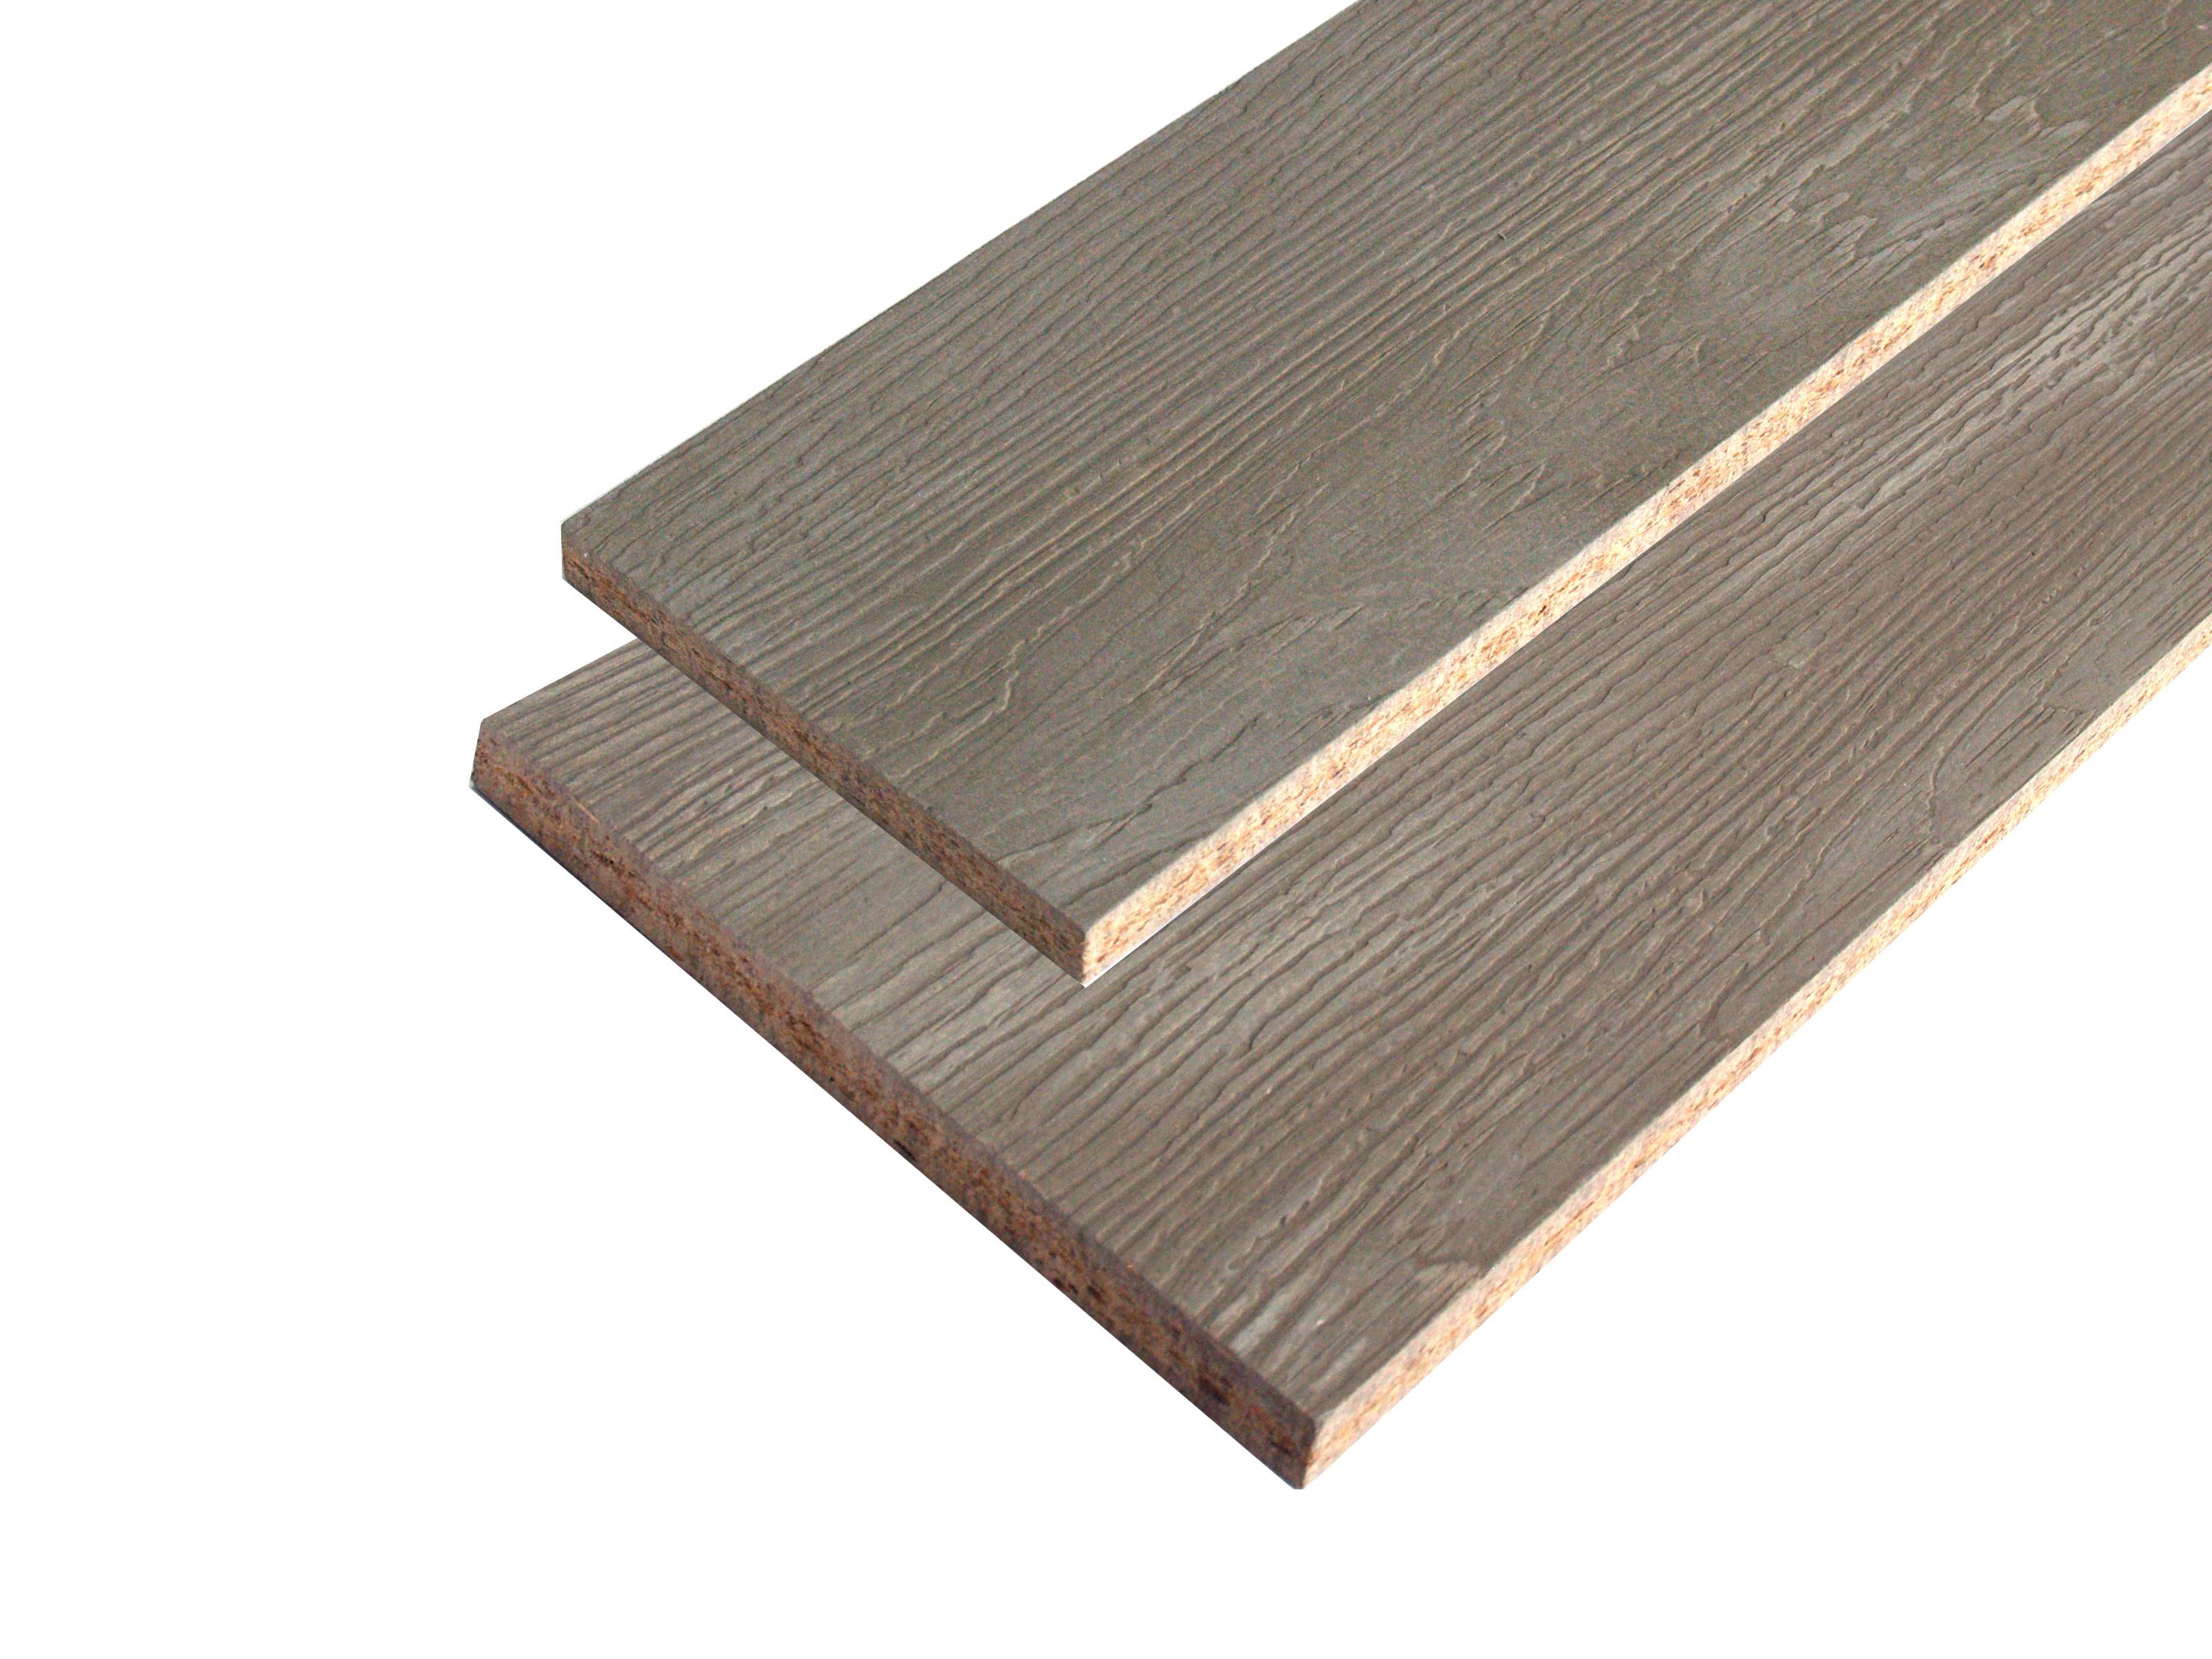 ไม้พื้น ลายไม้ ไม่ทำสี 200 - 300 มม.
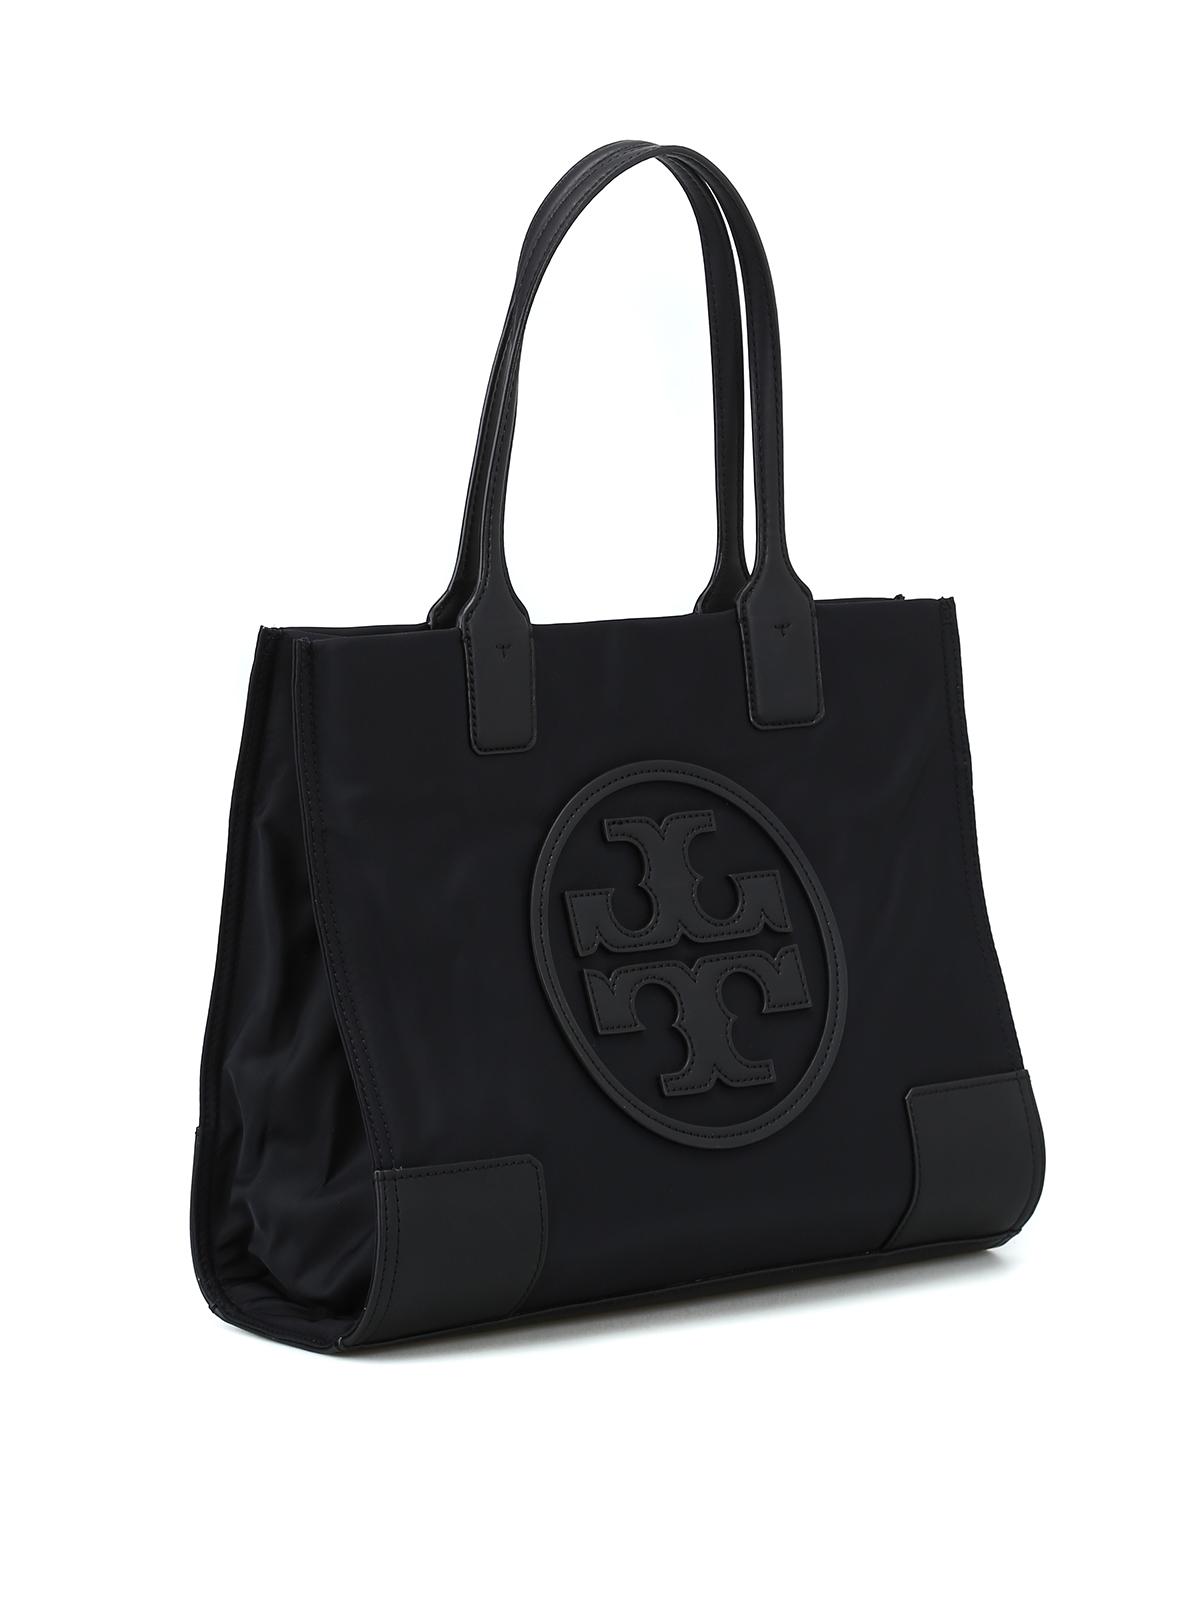 93be422160d Tory Burch - Ella Mini black nylon tote - totes bags - 45211 001
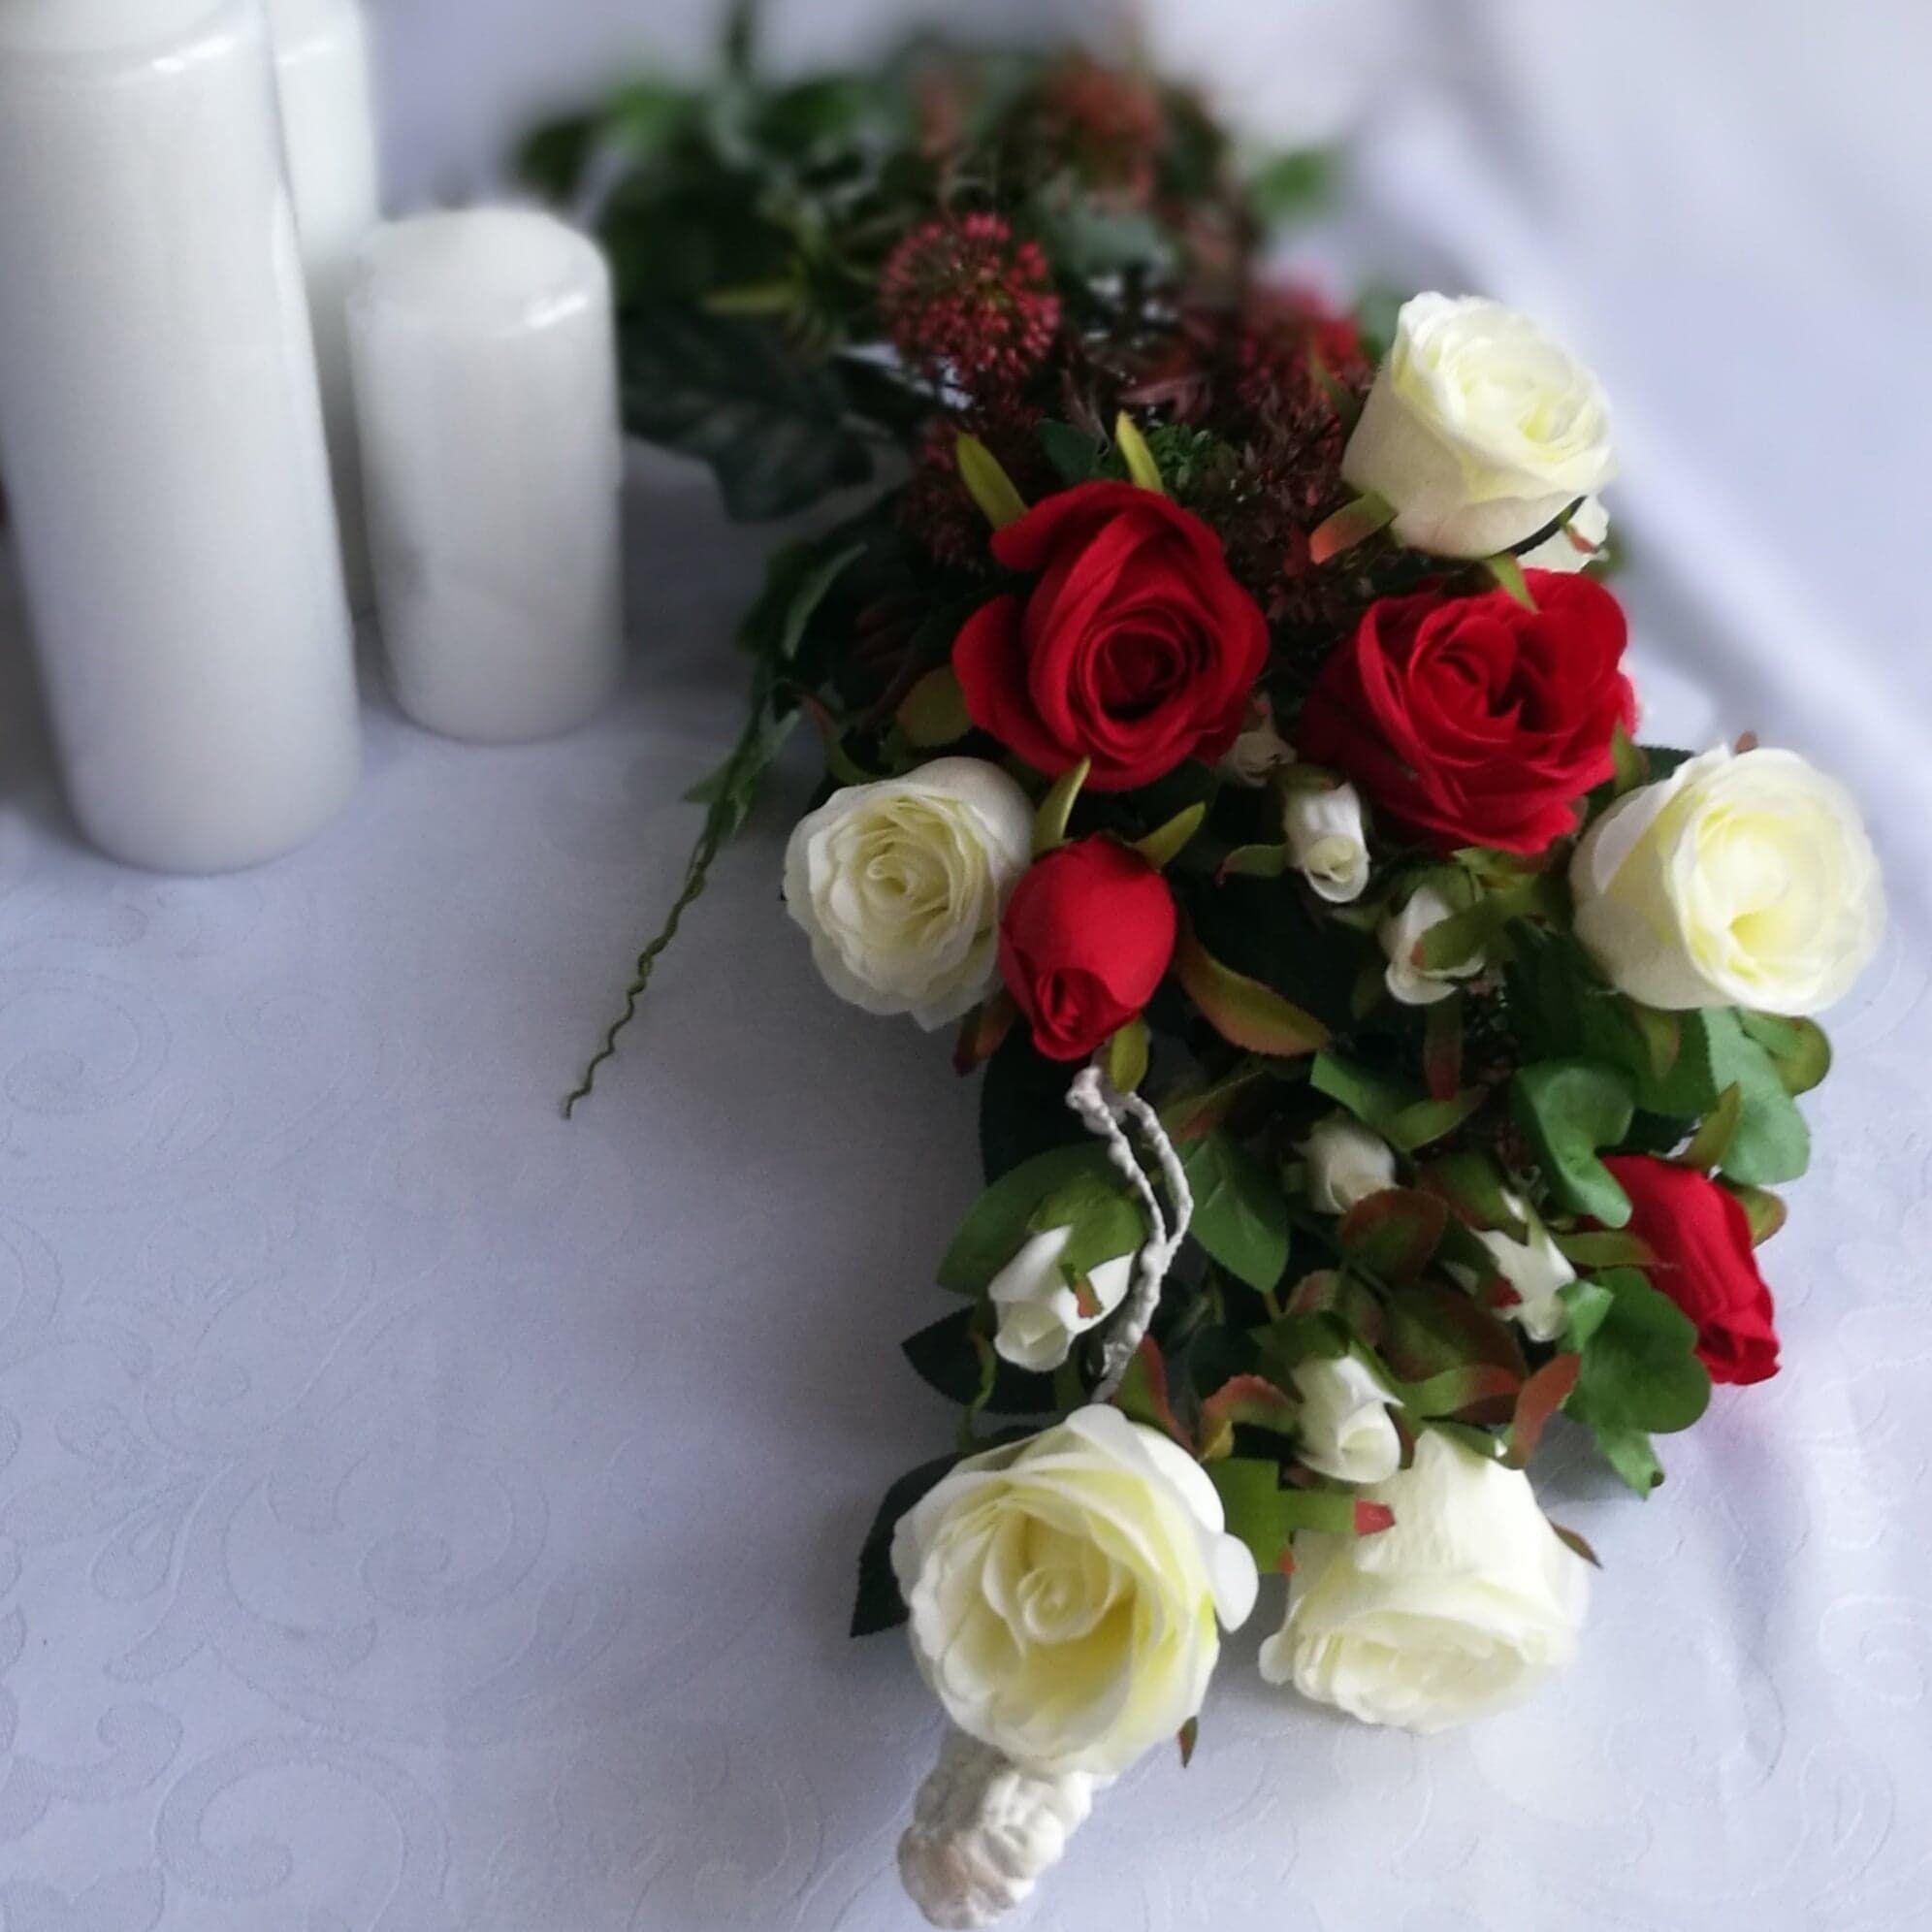 Stroik Na Cmentarz Z Rozami Nr 77 Swiateczne Atelier Flower Arrangements Table Decorations Funeral

Required work —
Every line of the data above is to be set down word for word, with the pictures left out.

Result of this task —
 ไม้พื้น ลายไม้ ไม่ทำสี 200 - 300 มม.
 93be422160d Tory Burch - Ella Mini black nylon tote - totes bags - 45211 001
 Stroik Na Cmentarz Z Rozami Nr 77 Swiateczne Atelier Flower Arrangements Table Decorations Funeral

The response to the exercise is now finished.